Introduction: One of the four pillars of successful total knee arthroplasty (TKA) is restoration of the joint line. In conventional TKA the surgeon does not have a tool to control the accuracy of joint line restoration intraoperatively. The present study investigates if the preoperative joint line can be restored using an optical navigation system for TKA.

Materials and methods: Patients from two Orthopedic Centers (Istituto Orthopedico Rizzoli Bologna, 51 patients; Orthopädie Samedan, 42 patients) received computer assisted TKA (Stryker Scorpio) using the Stryker Knee navigation system. Using the software delivered with the navigation system depth of femoral and tibial medial and lateral osteotomies were recorded. After definite prosthesis implantation medial and lateral femoral condyle height as well as tibial length including polyethylene inlay were also recorded. Varus/valgus alignment was additionally recorded before and after prosthesis implantation.

Results: After femoral osteotomie varus/valgus alignment was 0 degrees (Stdv. 0.6 degrees). Lateral and medial osteotomies were performed with a depth of 8.2 and 8.8 mm respectively. Tibial osteotomie was performed with 0 degrees of varus/valgus (stdv. 0.7 degrees). Lateral and medial tibial osteotomies were performed with a depth of 7.5 and 4.8 mm respectively. After definite prosthesis implantation femoral and tibial varus/valgus alignment was 0.2 degrees of varus (stdv. 0.8 degrees) and 0.1 degrees of varus (stdv. 0.8 degrees) respectively. The femur was lengthened by 0.2 mm (stdy. 3 mm) medially and 1.1 mm (stdy. 3.1 mm) laterally.
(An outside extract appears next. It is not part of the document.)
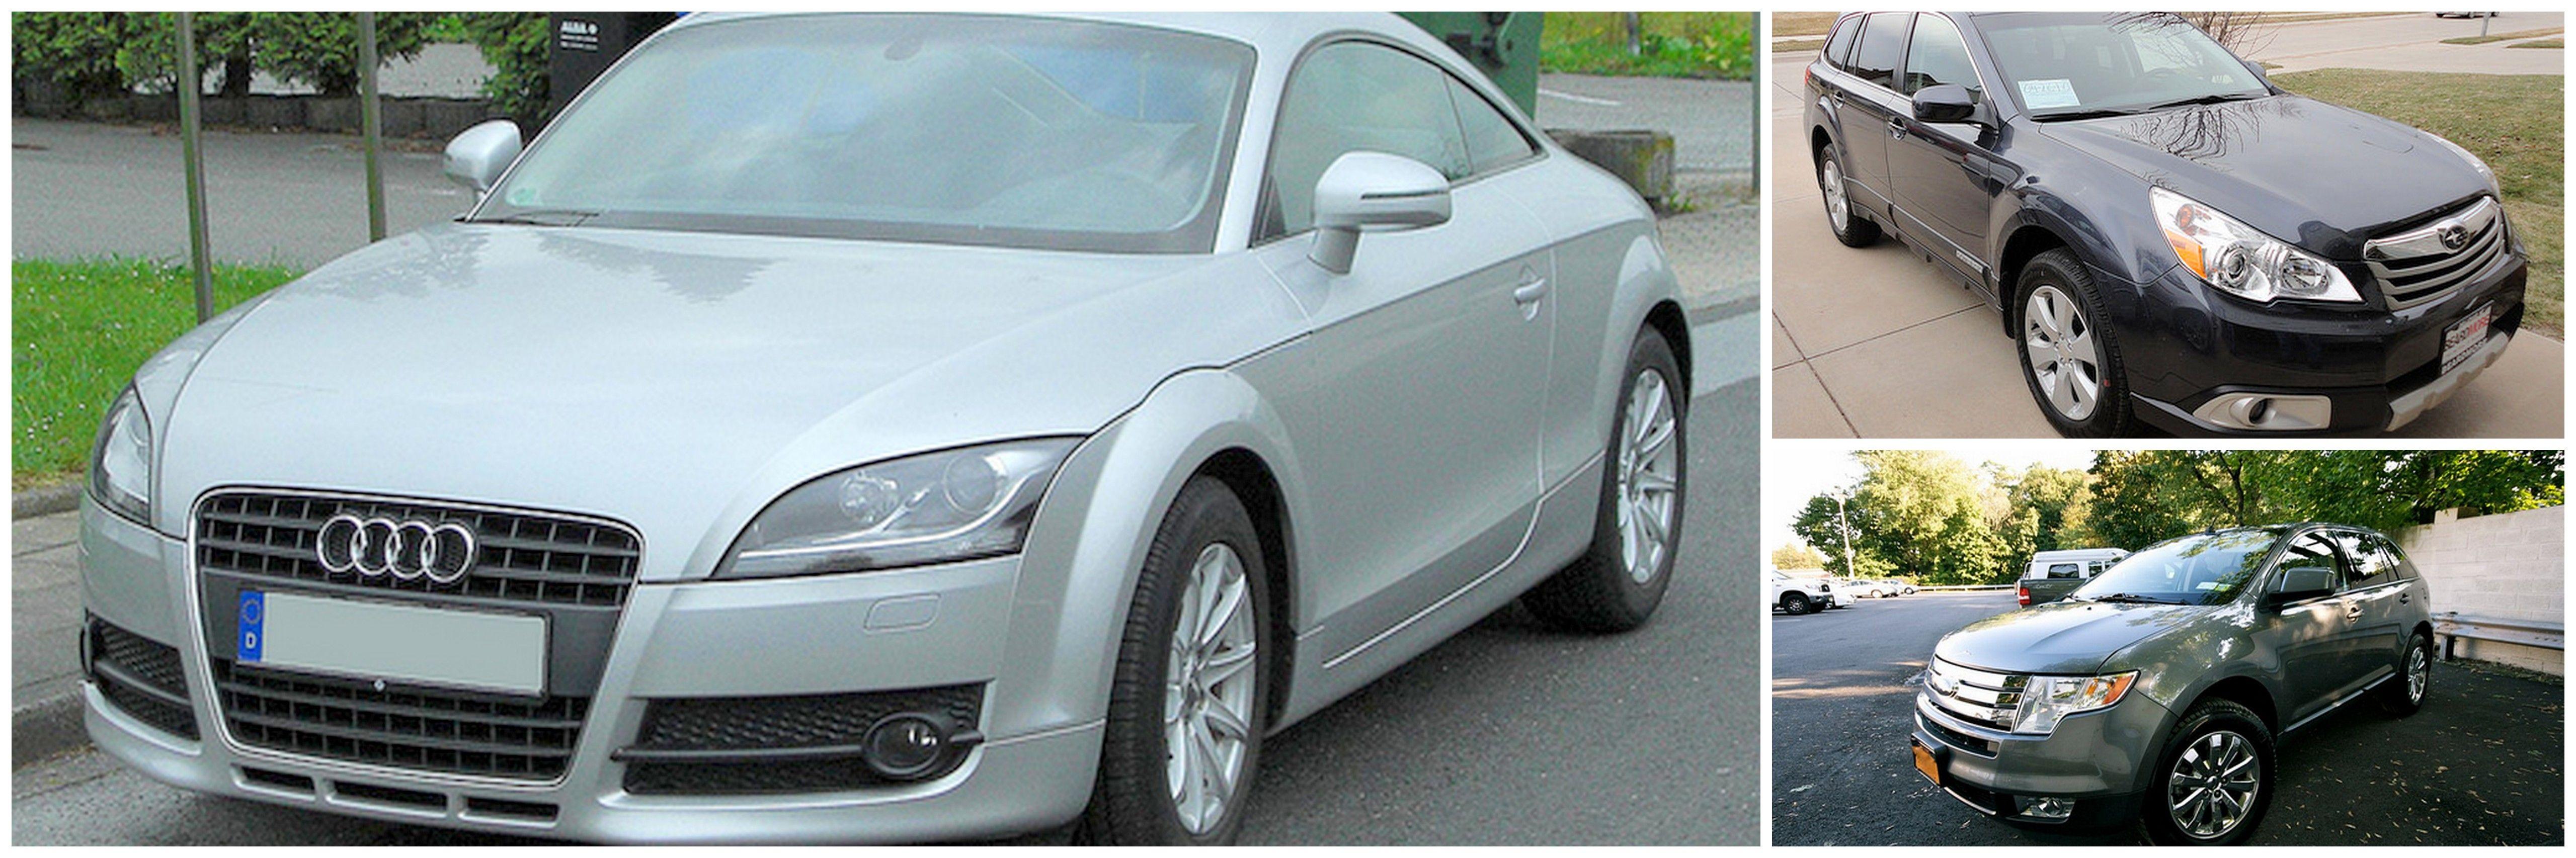 Best Used Cars Under 15000 Best Used Cars Under 15000
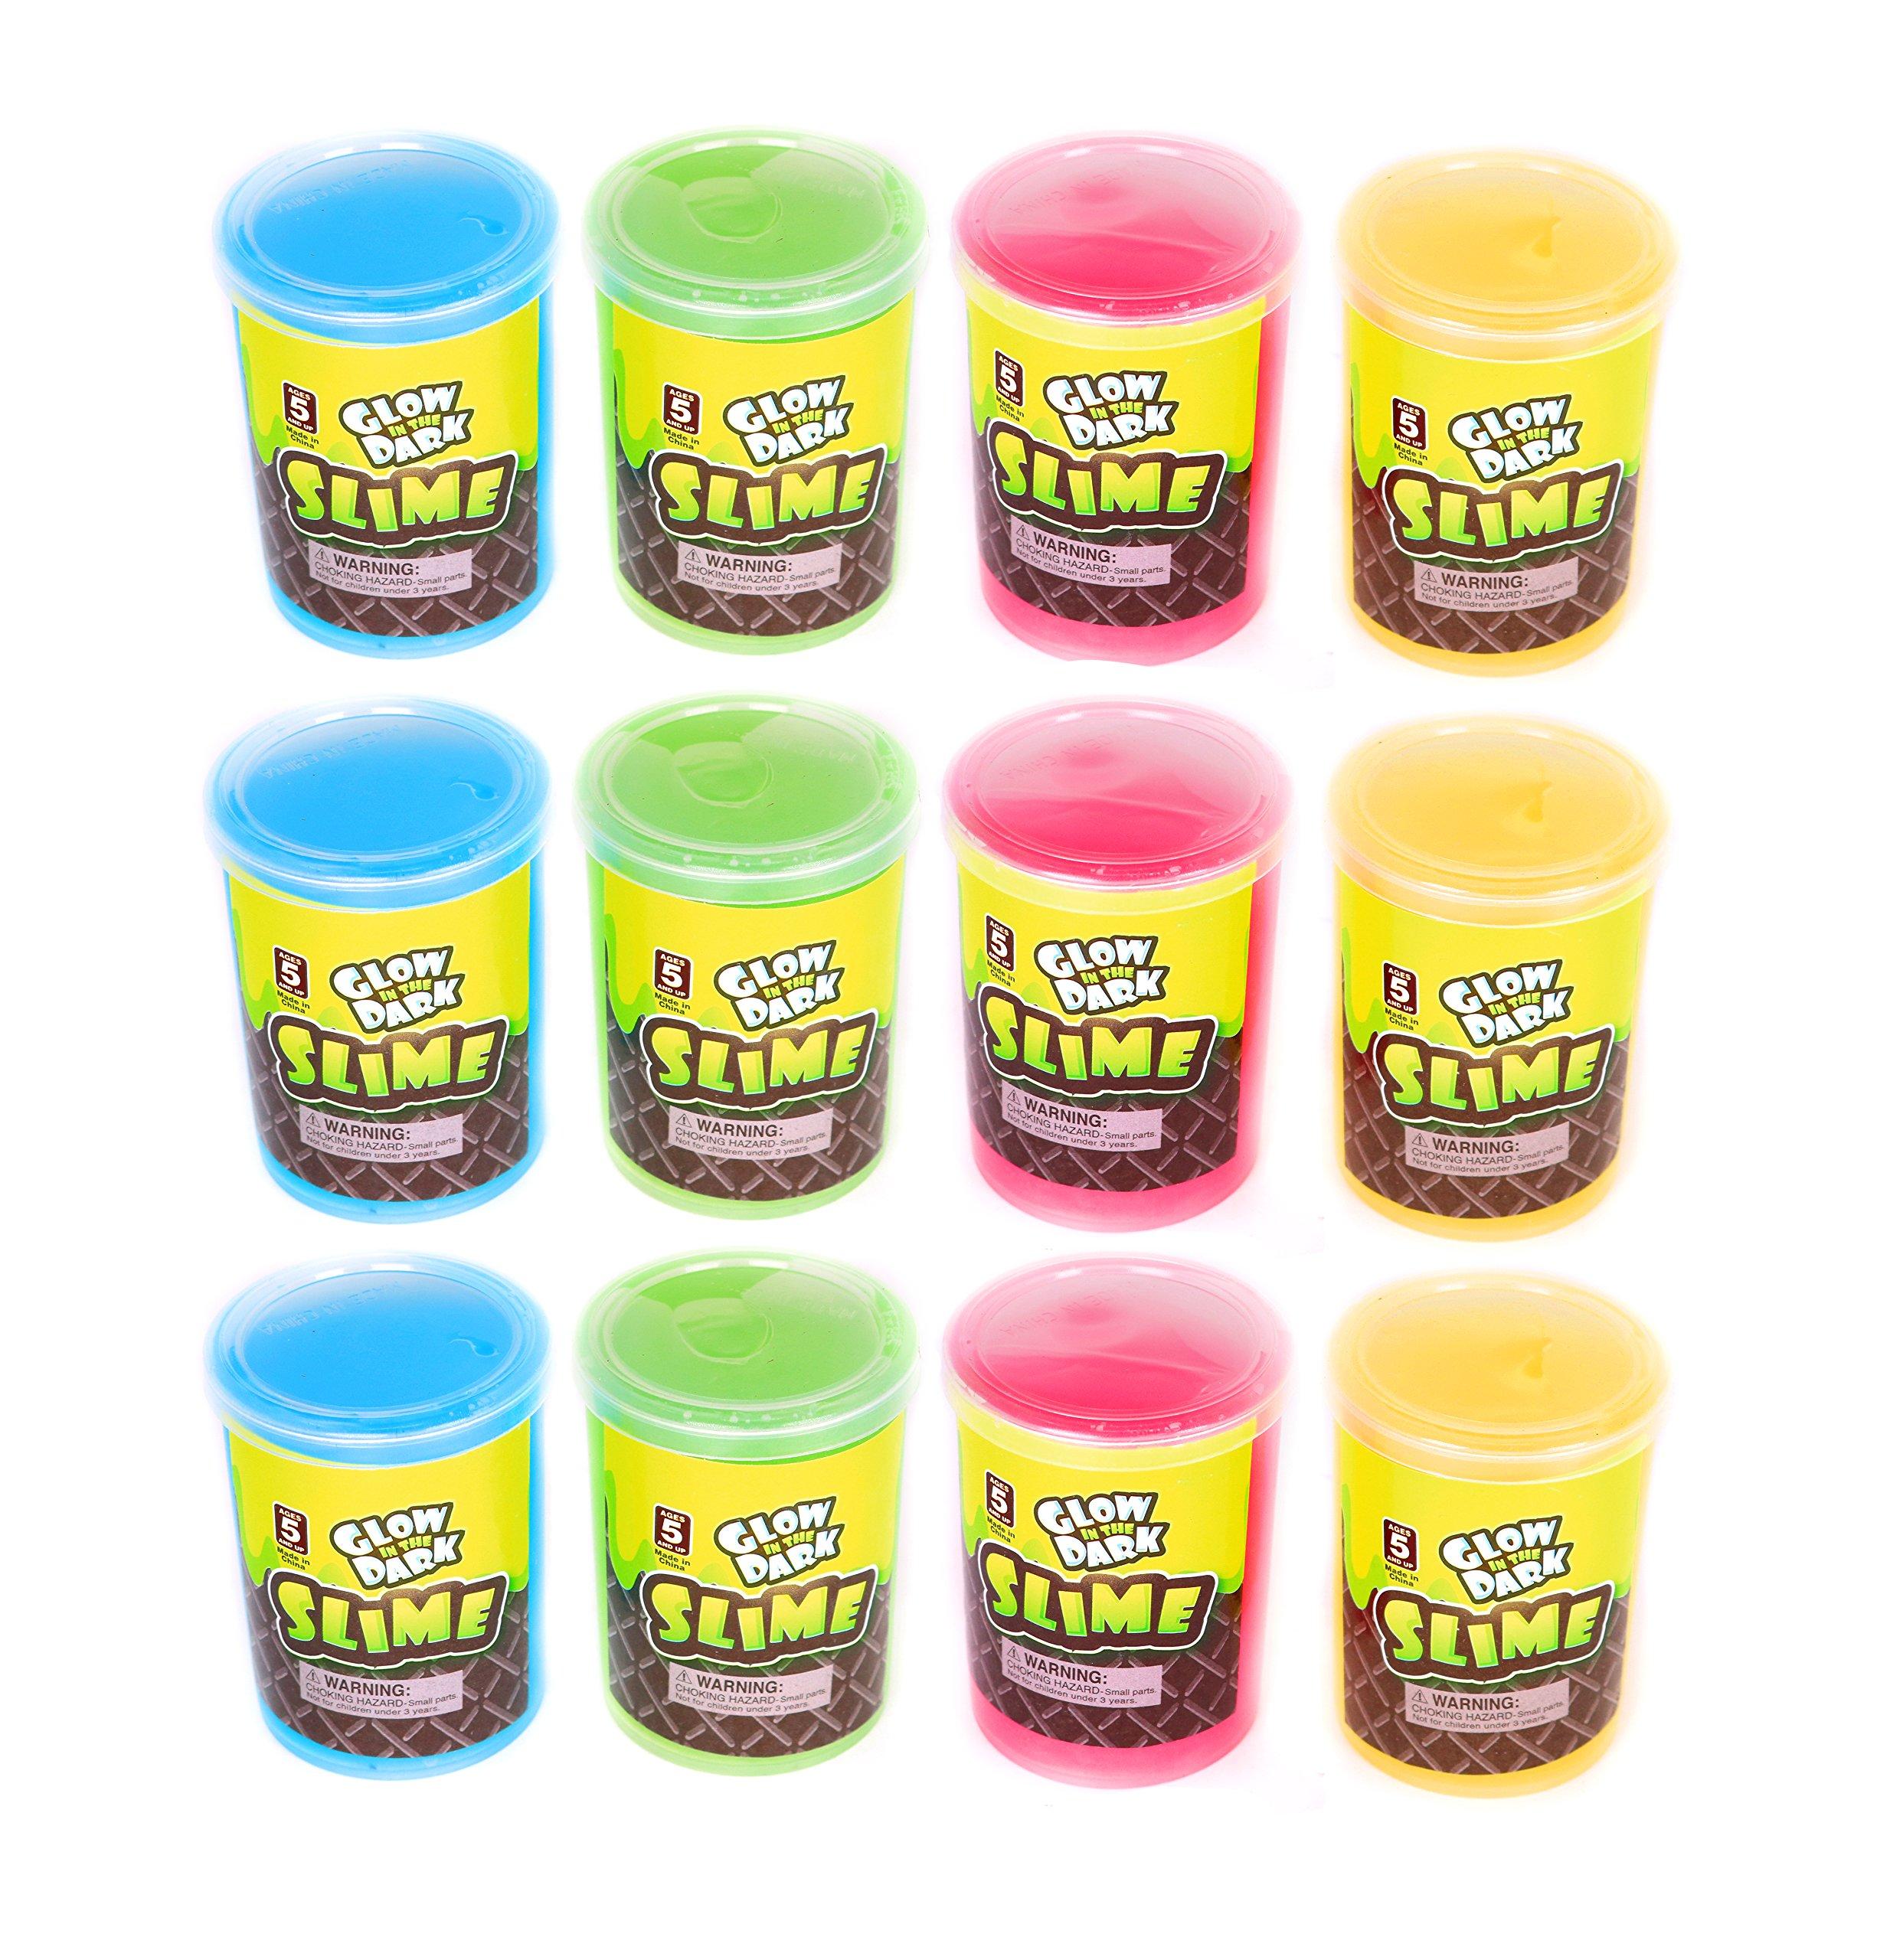 Glow In The Dark Slime - Bulk Pack Of 12 Assorted Colors Slime

The tibia was shortened after component implantation by 1.5 mm (stdy. 3.4 mm) medially and 1.1 mm (stdv 3.1 mm) laterally.

Discussion: With the use of the Stryker Knee Navigation System, we can reconstruct the preoperative joint line with reproducible accuracy after a TKA. When prosthesis component and polyethylene inlay thickness are known, osteotomies may be performed and corrected intraoperatively to restore the joint line.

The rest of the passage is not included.